Scoliosis
When seen from behind, the spine should be straight. Some people have spines that curve to the side. A x-ray will show a "C" or an "S" shaped spine rather than straight. This is known as scoliosis. A normal spine is structured with natural curves when looking at someone from the side. The purpose of these curves serve to round out our shoulders and give our lower back a slight inward shape and also act as a shock absorber for the body.
Scoliosis can occur in diseases such as Spina Bifida and Cerebral Palsy, however the vast majority of scoliosis is seen in otherwise healthy individuals. In these cases where no cause is found, this is known as "idiopathic scoliosis". Scoliosis usually develops in middle or late childhood and before puberty and therefore is called Adolescent idiopathic scoliosis. Scoliosis may also occur in young children and infants and is therefore called juvenile and infantile scoliosis accordingly. Adolescent scoliosis is seen more severely in girls than boys. If there is a previous family history of scoliosis, then the likelihood of its occurrence is greater.
Scoliosis is a problem that usually requires observation with repeated examination in the growing years. Early detection is the single most important factor in ensuring that treatment can be started before a curve becomes too large.
EARLY DETECTION
Although scoliosis is not preventable, detection and treatment early on in childhood is the best way of preventing an existing problem from getting worse.

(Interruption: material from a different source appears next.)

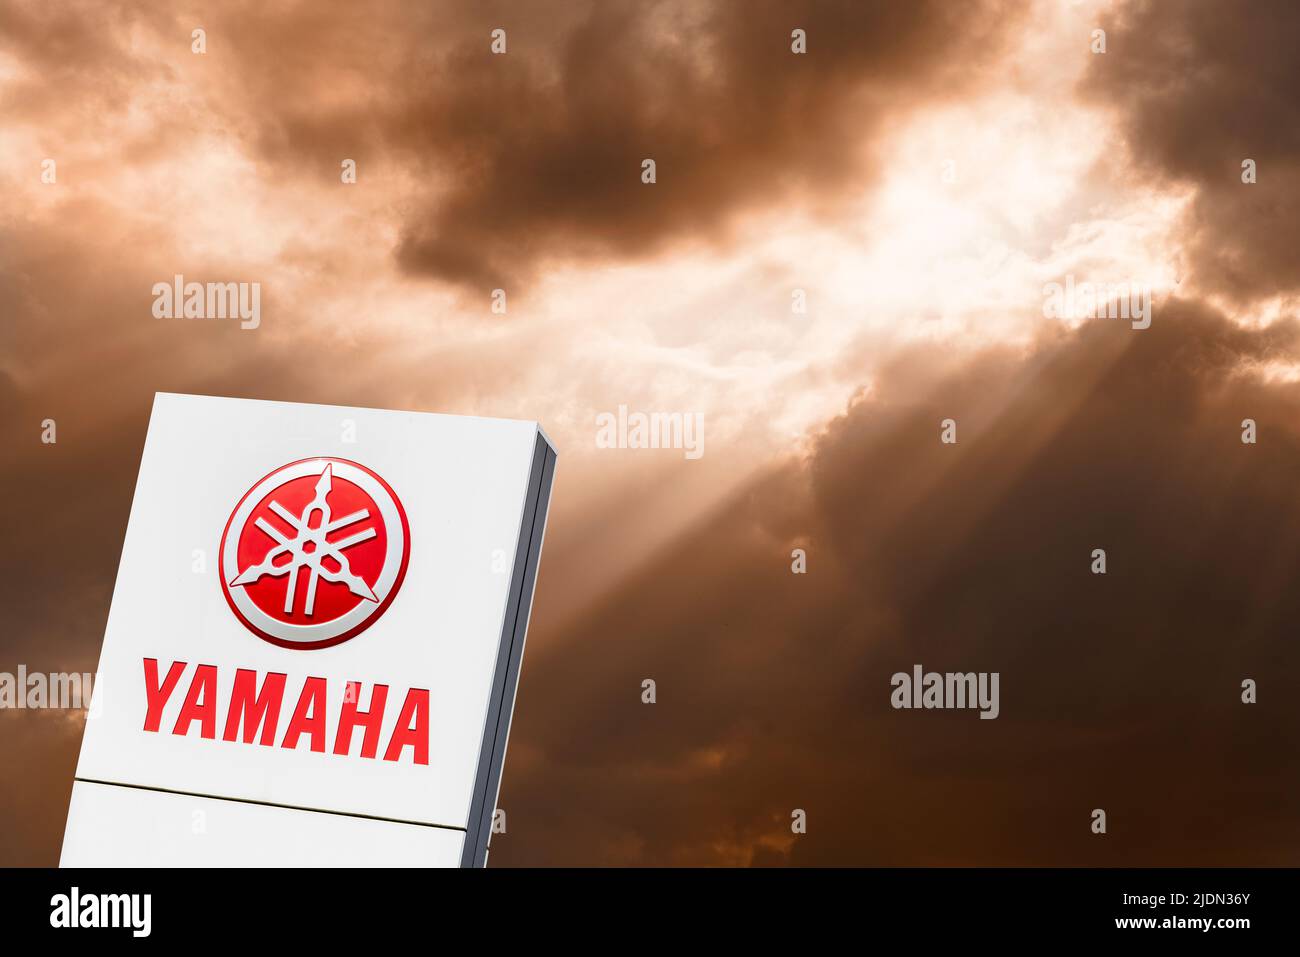 Firmenschild und Logo der Autofirma YAMAHA Foto Stock

Idiopathic scoliosis can go unnoticed in children due to the absence of pain in the formative years. It is then important for parents to be aware of certain signs in their child that may indicate the need for scoliosis screening. This may begin when the child is about 8 years of age.
Uneven shoulders or hips
Prominent shoulder or shoulder blades
Leaning to one side
Prominence of one side of the rib cage.
If any one of the above warning signs appear, it is necessary to bring your child to the pediatrician or orthopedic surgeon for proper evaluation.
DOCTOR'S OFFICE VISIT
In planning treatment for your child your orthopedist will examine a variety of important factors such as past medical history of patient and family, the age at which the curve presented, the location and the severity of the curve.
Other important factors are how fast the curve has worsened, and if there is any associated pain. A big concern is whether there may be an underlying spinal cord abnormality. Your doctor will ask questions about headaches, backaches, weakness or numbness of your legs or other neurologic signs.
Skeletal maturity and growth remaining is very important in the treatment and prognosis of scoliosis and therefore your doctor will ask about the onset of menses (the girls first period) as well as the height of both parents.
Next, a complete physical examination is performed. It is advisable that the patient wears a bathing suit, as undressing is required. The exam will focus both on the appearance of the spine, as well as the function of the nerves coming out of the spinal cord.
An x-ray is usually needed to establish the size and shape of the curve, and to make sure there are no other abnormalities of the vertebrae, the bones that make up the spine.
On most follow-up visits, a more streamlined examination is performed, and x-rays are taken if there is a concern of curve progression.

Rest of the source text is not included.